Apparently, a strong housing market doesn’t really depend on people having good jobs in order to come up with a down payment and service a mortgage. Whether that strong housing market is healthy or not is another matter as detailed in this special report at Reuters.

The once-beleaguered Las Vegas housing market has been on fire since investment firms led by Blackstone Group LP, Colony Capital and American Homes 4 Rent began buying homes here some eight months ago, backed by $8 billion in investor cash to spend nationally.

These big investors and a handful of others have bought at least 55,000 single-family homes across the U.S. in the past year. In the Vegas area alone, they have accounted for at least 10 percent of the homes sold since January 2012, according to a Reuters analysis of housing transactions.

That added firepower helps explain why home prices in this metropolitan area of 2 million people are up 30 percent over a year ago, far more than the national average of 10 percent.

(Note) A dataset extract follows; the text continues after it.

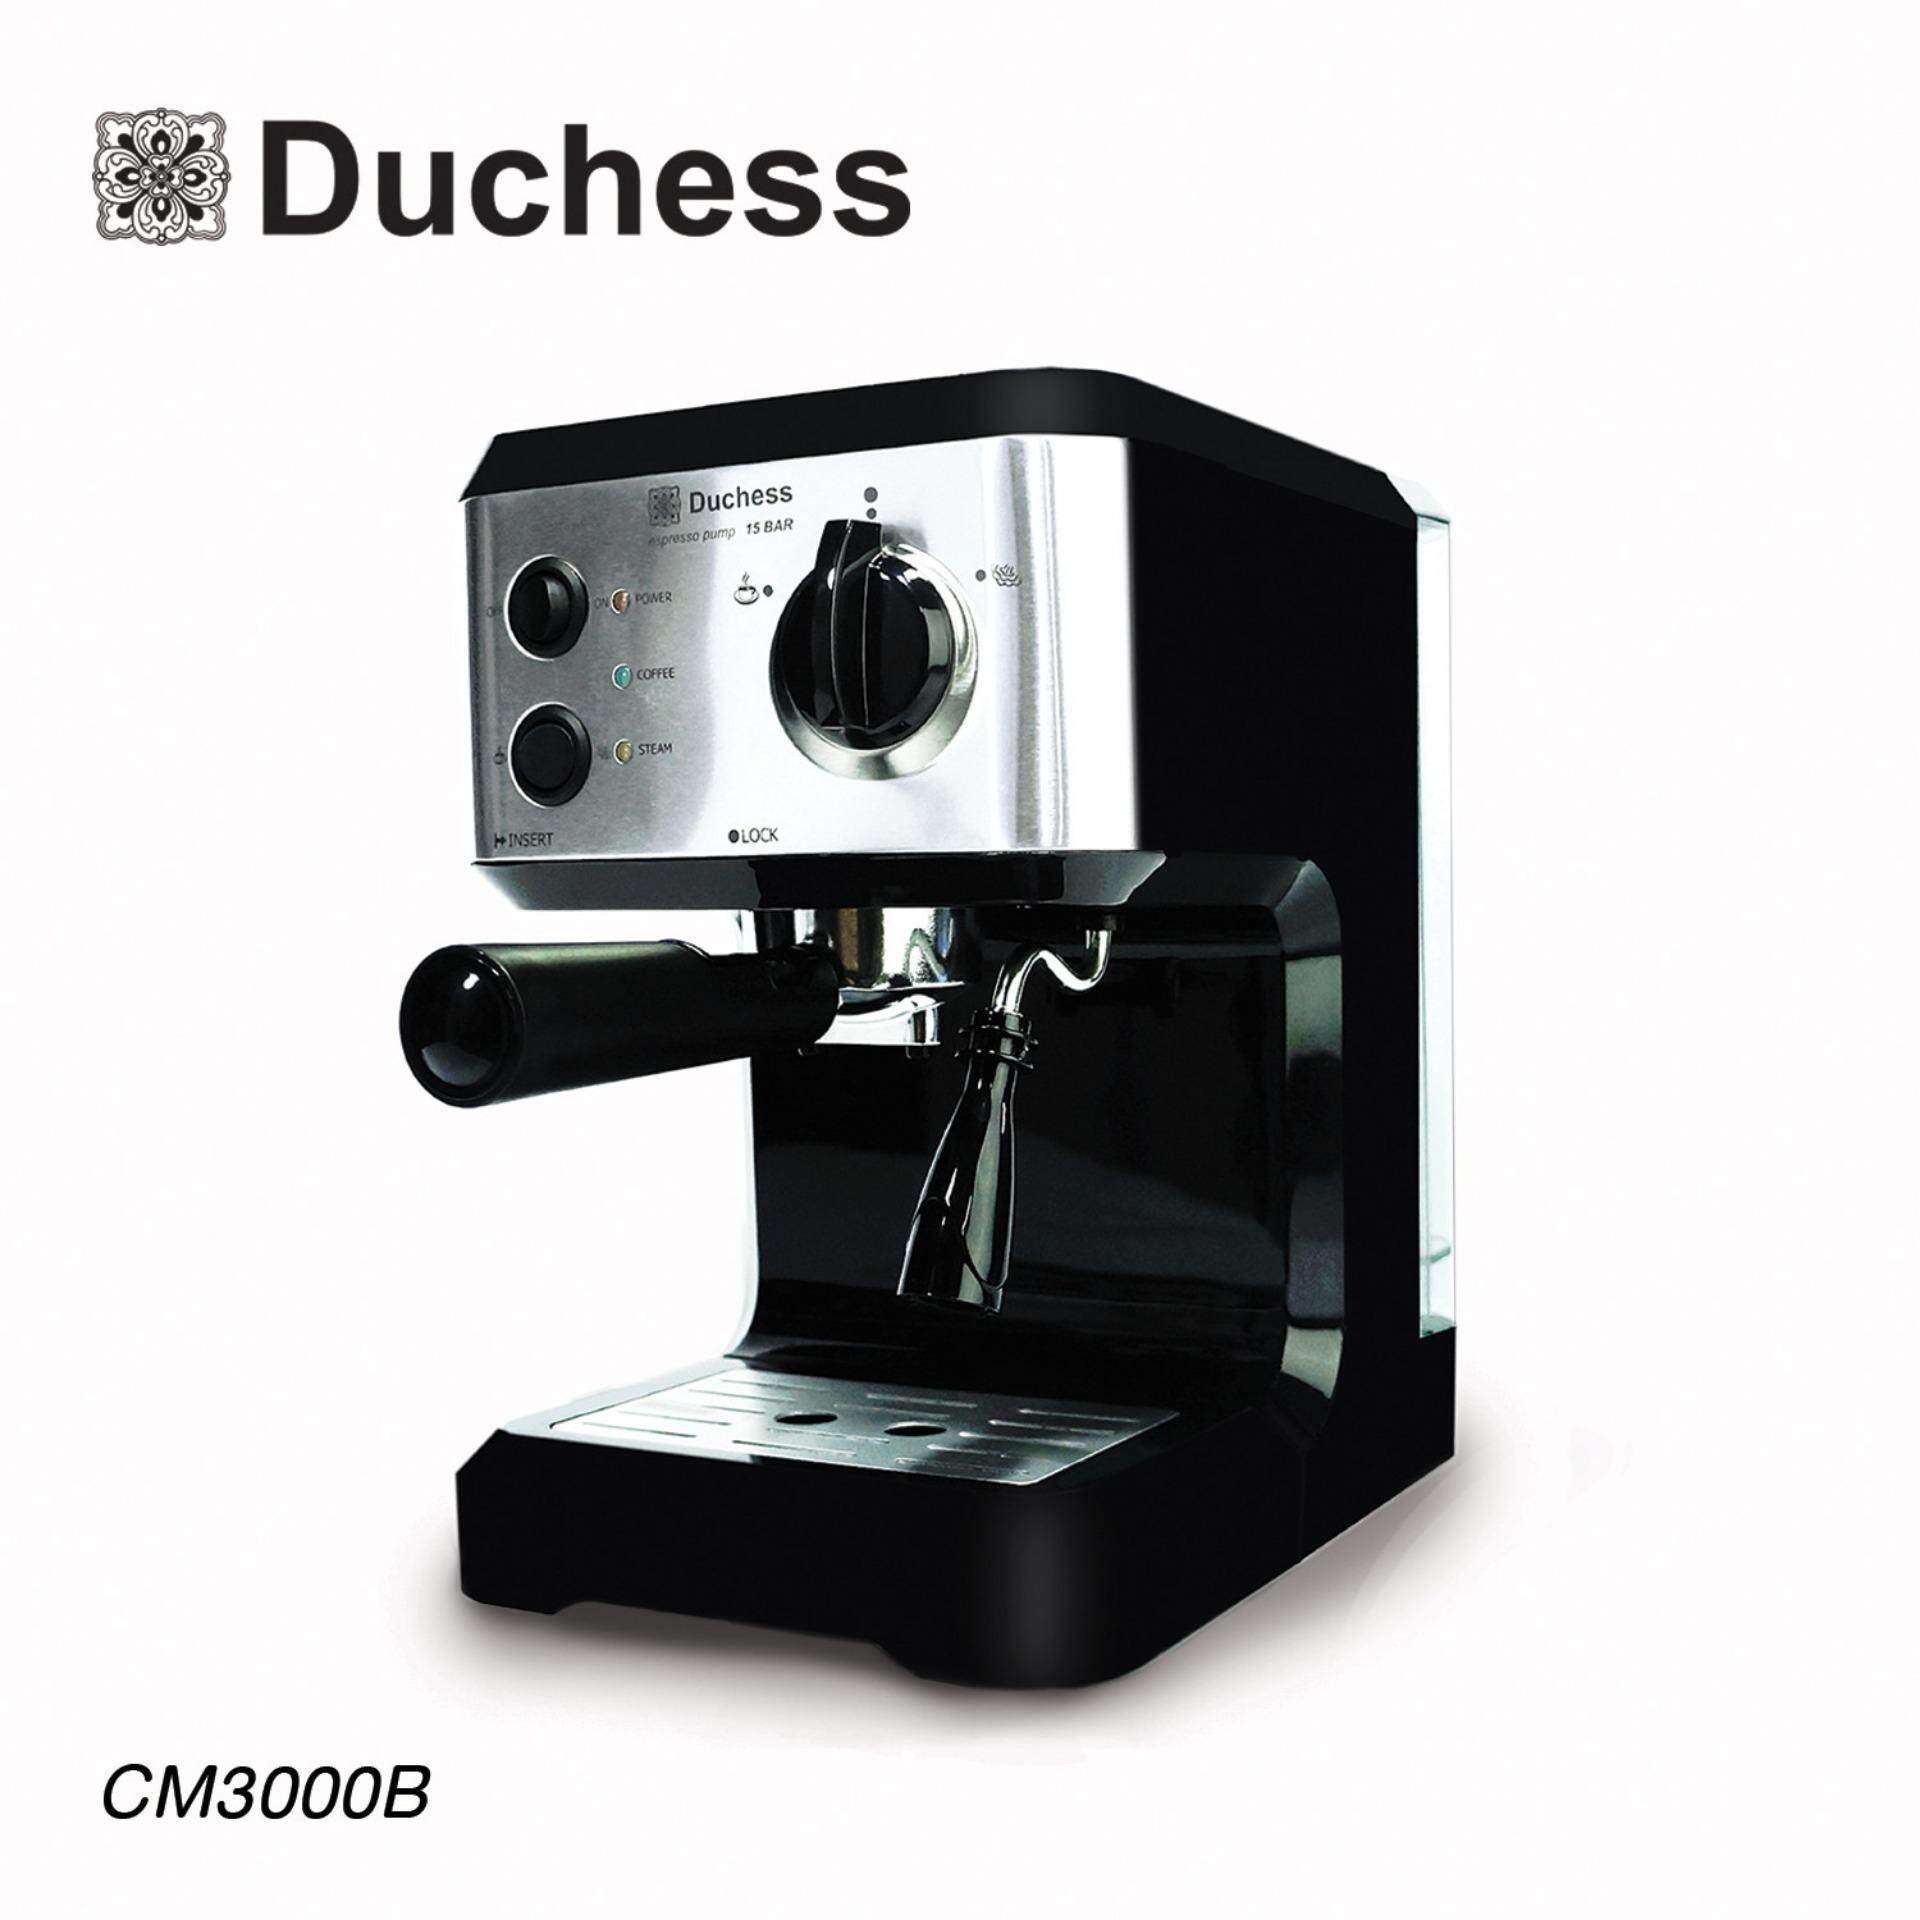 Duchess เครื่องชงกาแฟสด รุ่น CM3000B  - 4d308c798b8897085819cb90ded4f640 - แนะนำเครื่องชงกาแฟชุดเล็ก สำหรับเริ่มต้น

There’s lots more in this story, most of it disturbing such as 60 percent of Las Vegas home sales being all cash and a reminder that hot money from Wall Street doesn’t tend to stick around once the artificial appreciation stops – when that will be is anyone’s guess.

I missed the S&P Case-Shiller housing report earlier in the week where is looks like Las Vegas is about to overtake Phoenix as the nation’s hottest housing market.